Task description: All pictures must be left out as you transcribe the lines from the first line of the data to the line containing "Beyoncé – Above", both included.

Information shown:
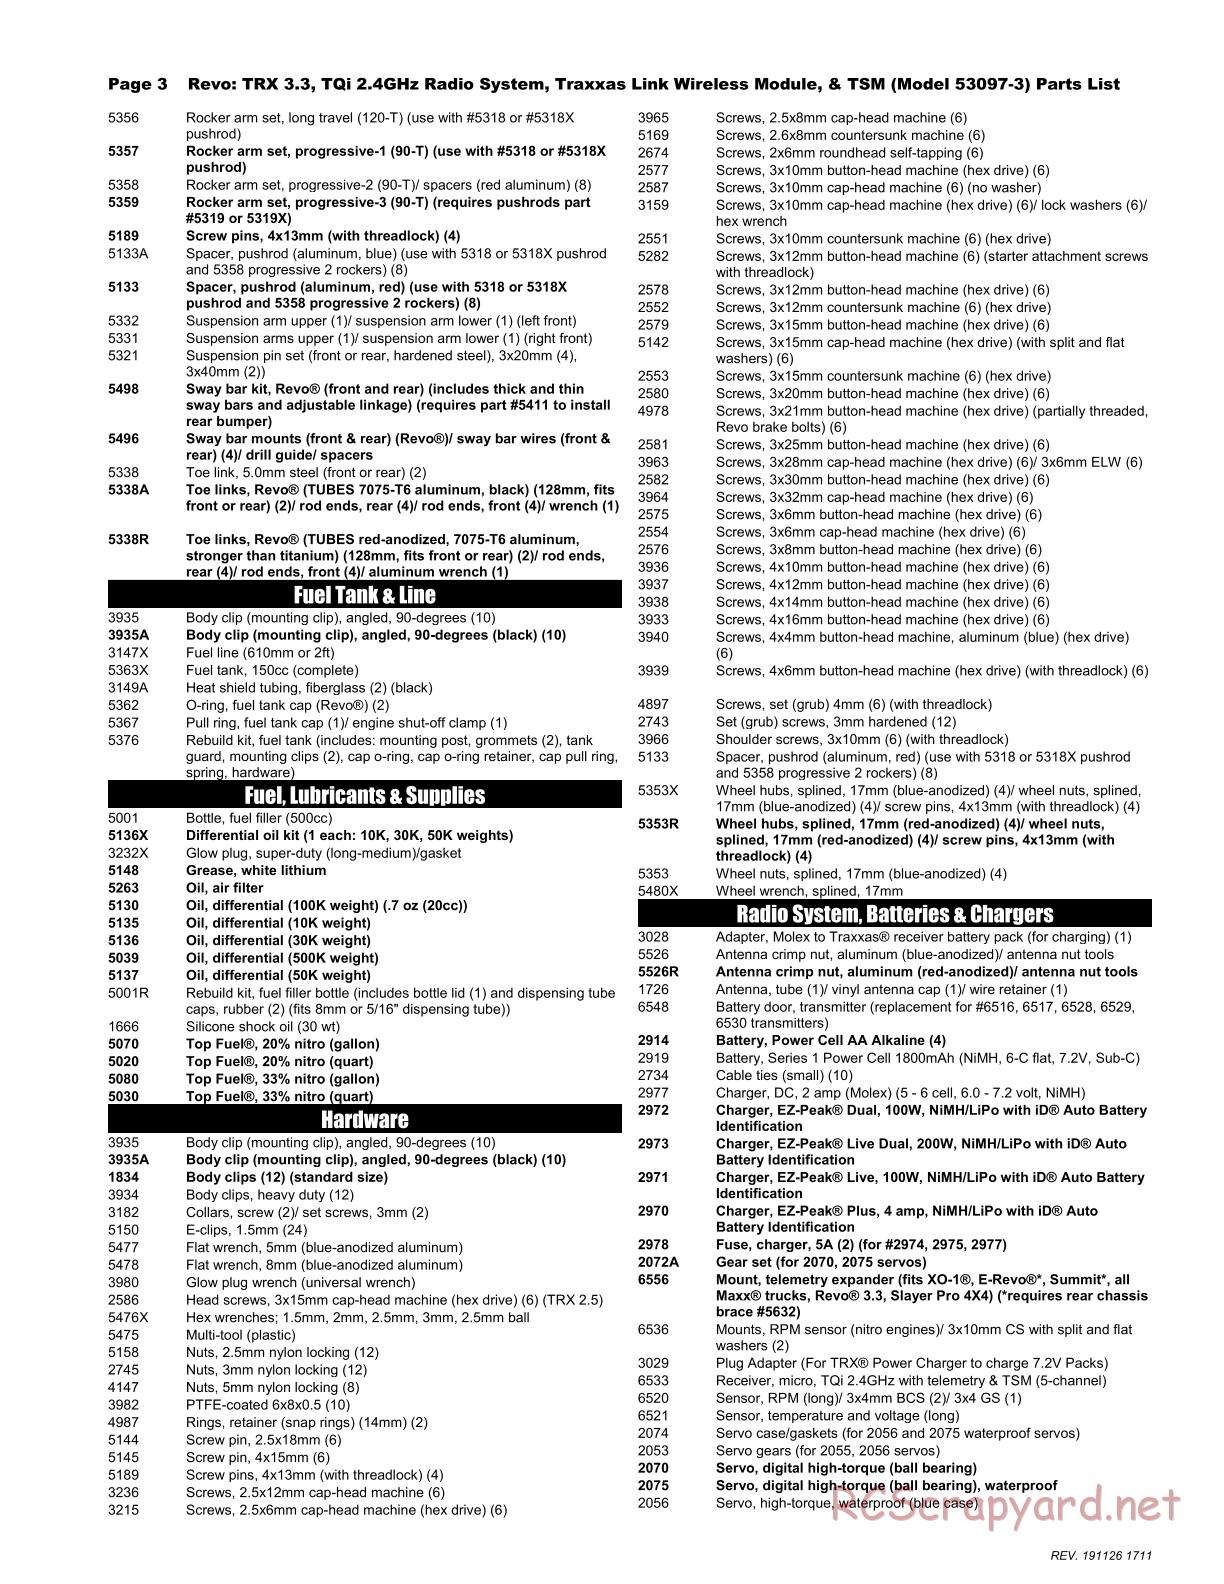 Traxxas - Revo 3.3 TSM - Parts List - Page 3
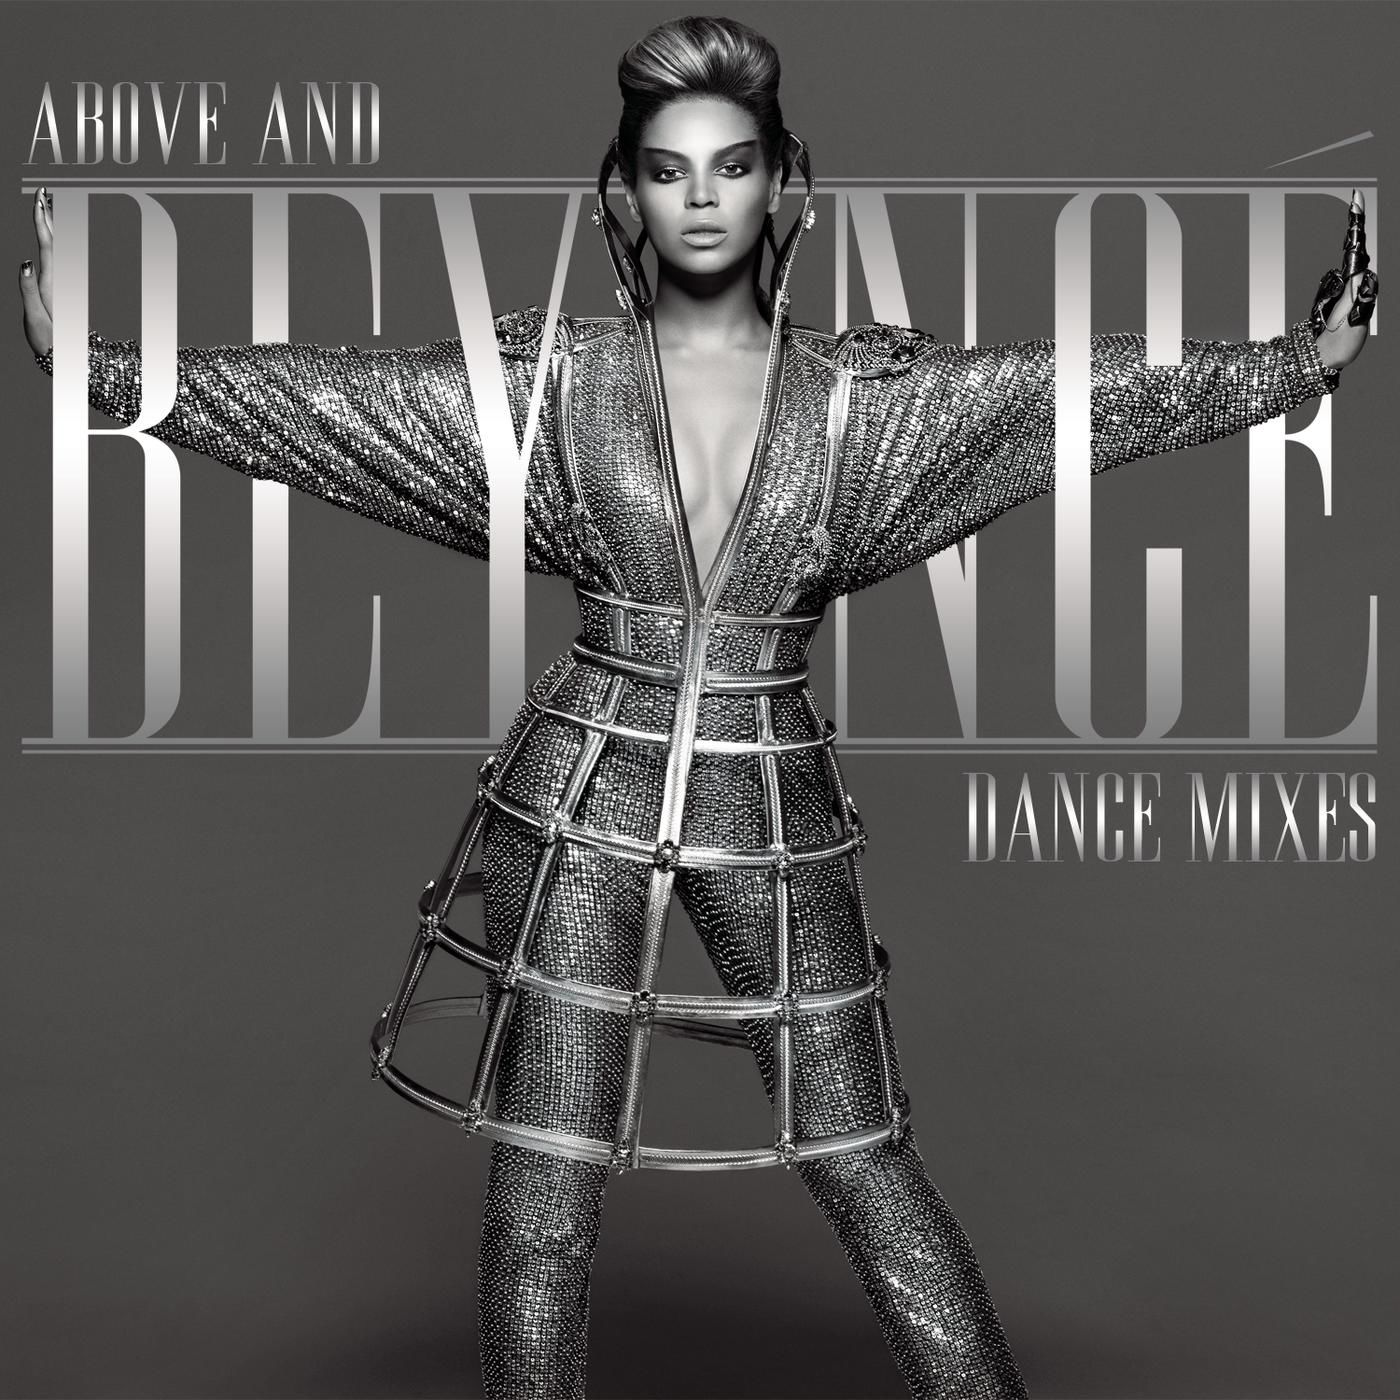 Beyoncé – Above And Beyoncé Dance Mixes【44.1kHz／16bit】美国区-OppsUpro音乐帝国
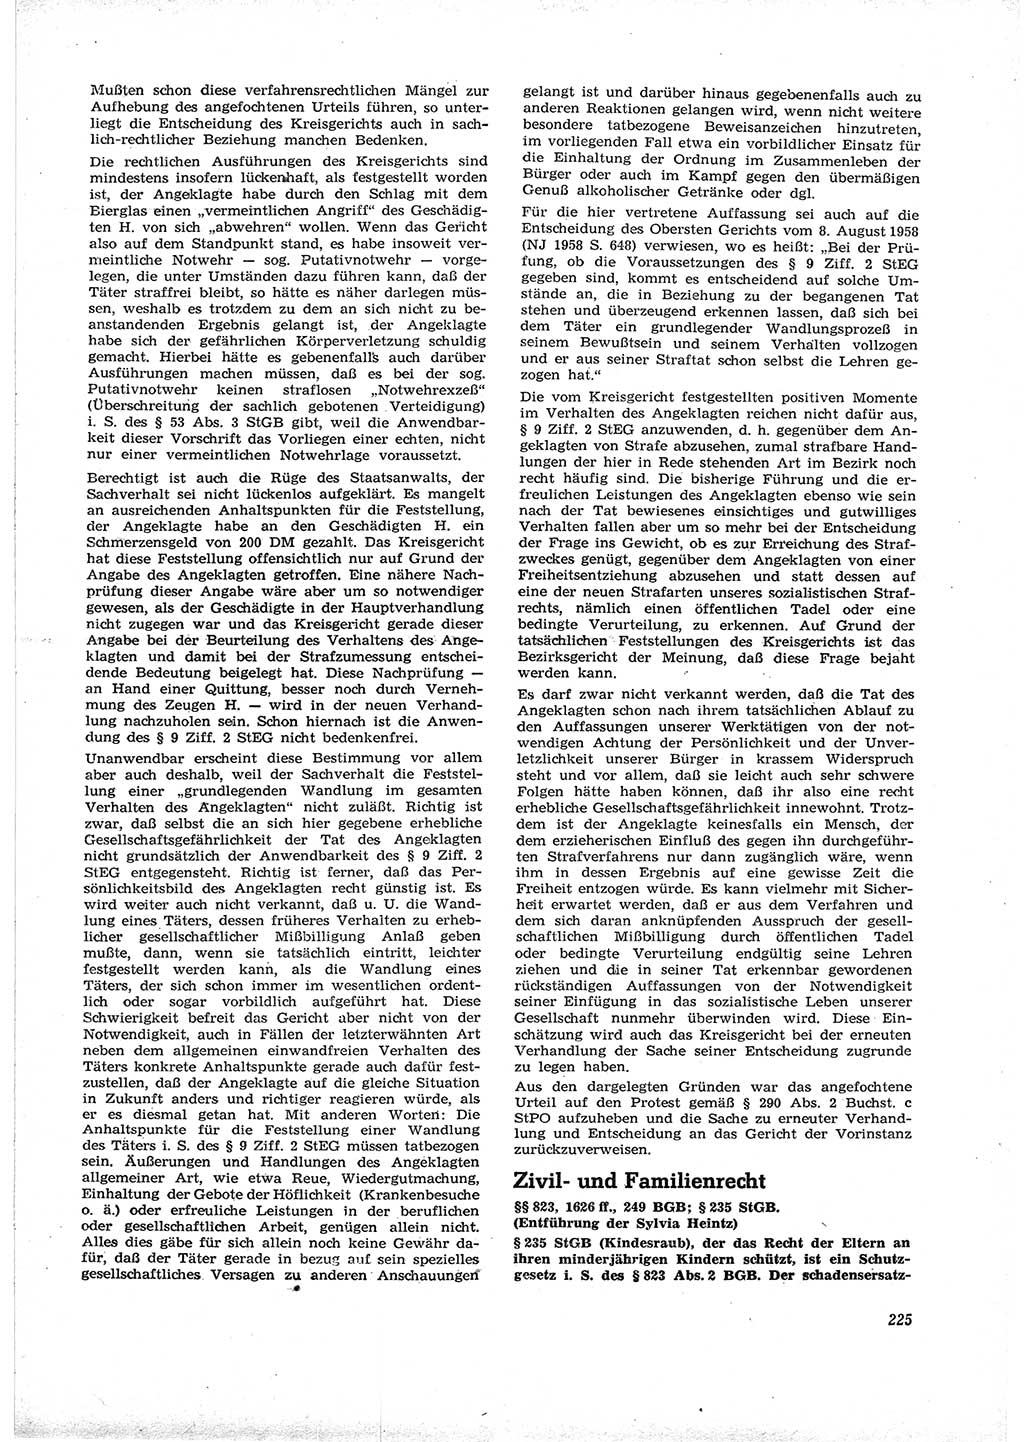 Neue Justiz (NJ), Zeitschrift für Recht und Rechtswissenschaft [Deutsche Demokratische Republik (DDR)], 16. Jahrgang 1962, Seite 225 (NJ DDR 1962, S. 225)

Answer section:
 Traxxas - Revo 3.3 TSM - Parts List - Page 3
 Beyoncé – Above And Beyoncé Dance Mixes【44.1kHz／16bit】美国区-OppsUpro音乐帝国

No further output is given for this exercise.